# Need some help from member's



## ghost0311/8541 (Jan 6, 2013)

Hey everyone I am on another forum it called the Sep forum survival emergency preperness they are doing a give away the member that can get the most members to join and post that I sent them will win a knife it's a good forum but a little smaller I have already got a few from that forum to join our forum and I have started a slingshot post so if you would swing by and say hi tell them I sent you and post in the sling shot post or what ever thanks ghost.


----------



## Resigned User (Jul 4, 2015)

Link?


----------



## ghost0311/8541 (Jan 6, 2013)

Sepfourm.us


----------



## Resigned User (Jul 4, 2015)

Sepforum.us
Or
Sepforum.us

No one of this works


----------



## Resigned User (Jul 4, 2015)

Ok
Found it
It is 
Sepboard.us


----------



## Tentacle Toast (Jan 17, 2013)

Sure, man...


----------



## Tentacle Toast (Jan 17, 2013)

Are you ghost0311/8541 over there, too?


----------



## Tentacle Toast (Jan 17, 2013)

....there's a ghost...is that you?


----------



## oldmiser (Jan 22, 2014)

Ok my friend you got it

OM


----------



## ghost0311/8541 (Jan 6, 2013)

Yes just ghost


----------



## Tentacle Toast (Jan 17, 2013)

Well I just signed up over there (oddly enough, "Tentacle Toast" was available as a username there, too)...
....looks like a good site.

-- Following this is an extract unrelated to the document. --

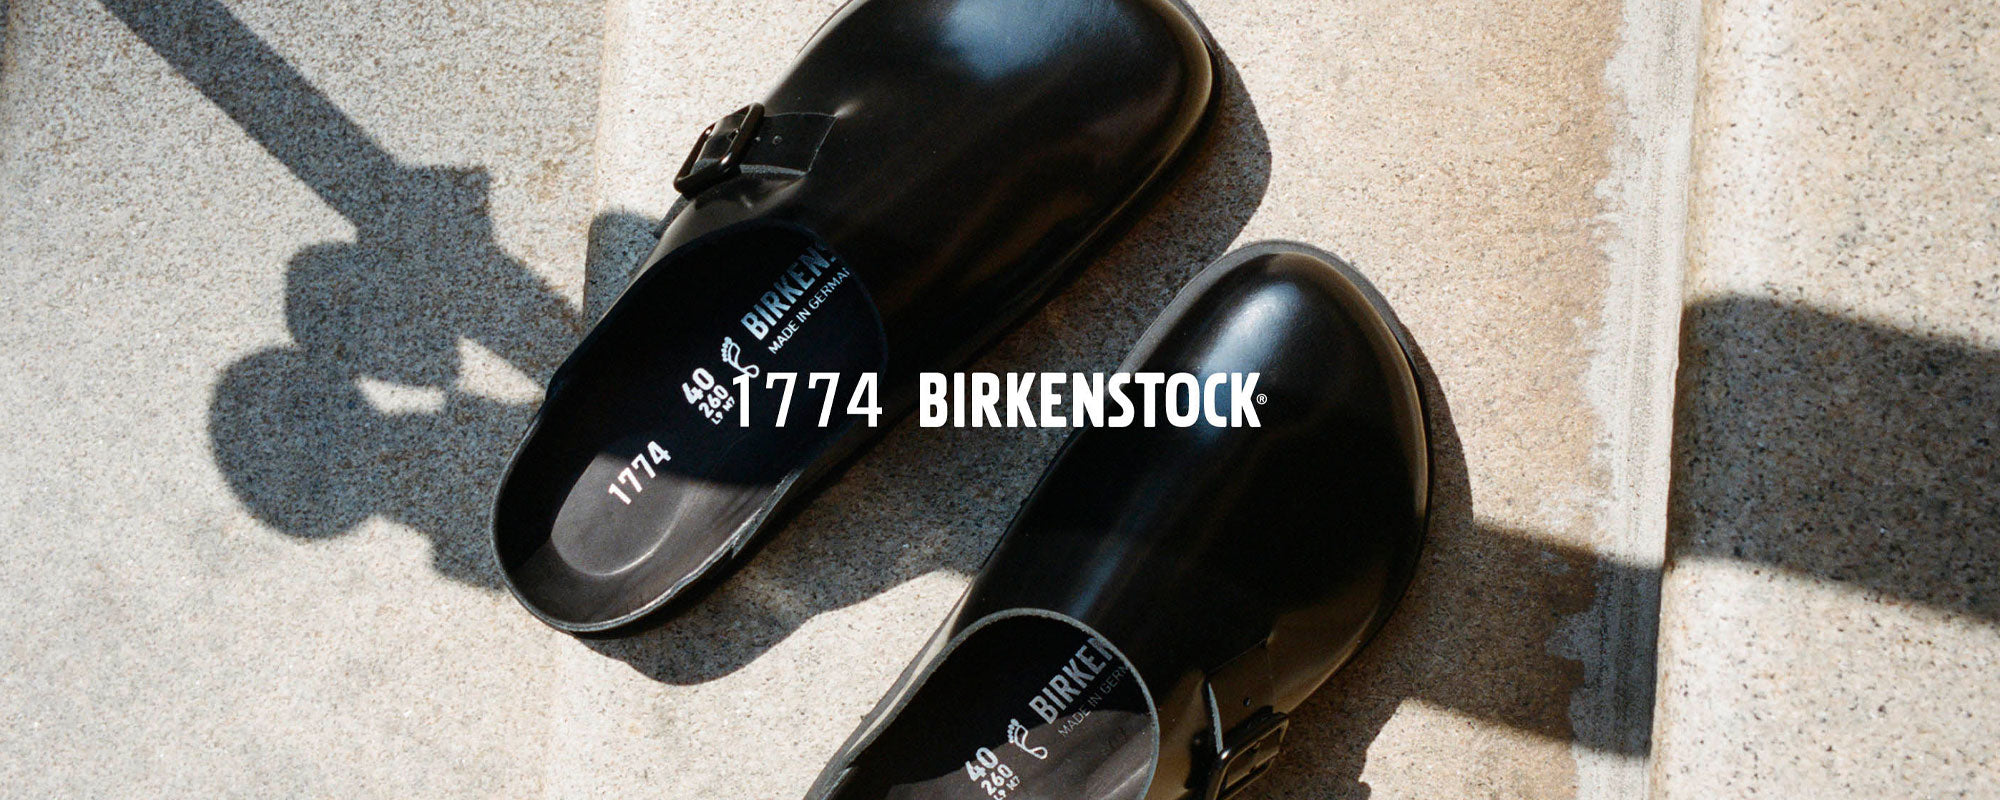 Birkenstock 1774 Men
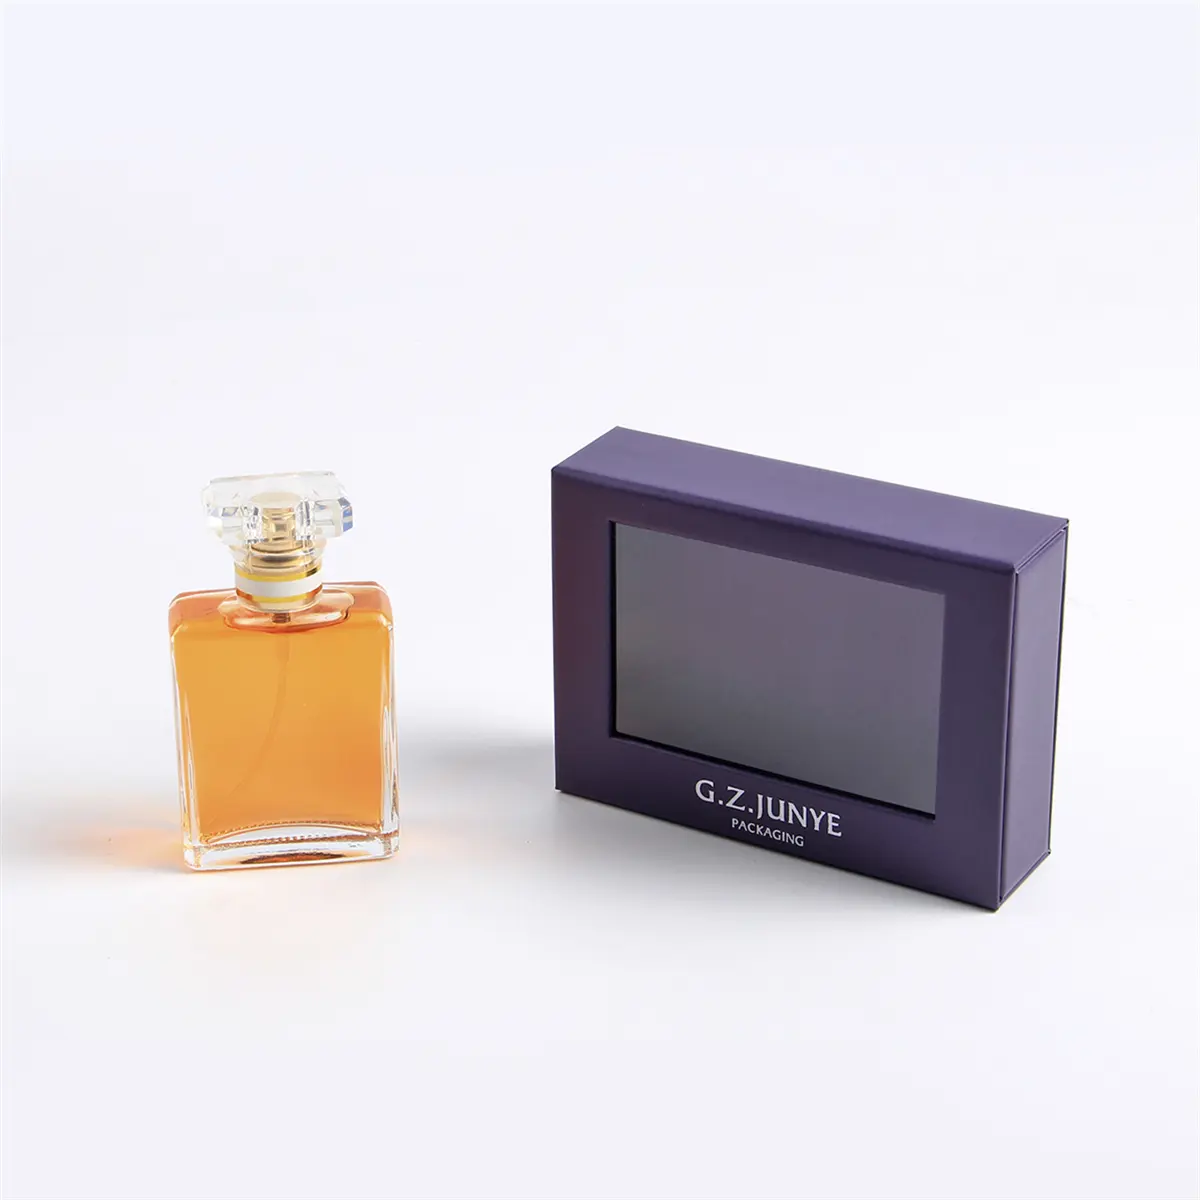 Fashion samply pengiriman cepat ramah perjalanan kualitas tinggi sampel besar barang berbentuk huruf 2ml untuk kotak parfum kertas mewah

Good luck with that knife


----------



## ghost0311/8541 (Jan 6, 2013)

Thank you.


----------



## GrayWolf (May 14, 2012)

Happy to help. Joined and intro post made.


----------



## Resigned User (Jul 4, 2015)

I'm not sure but I think it would be better if by registration you put ghost as referral...

In doubt I just do


----------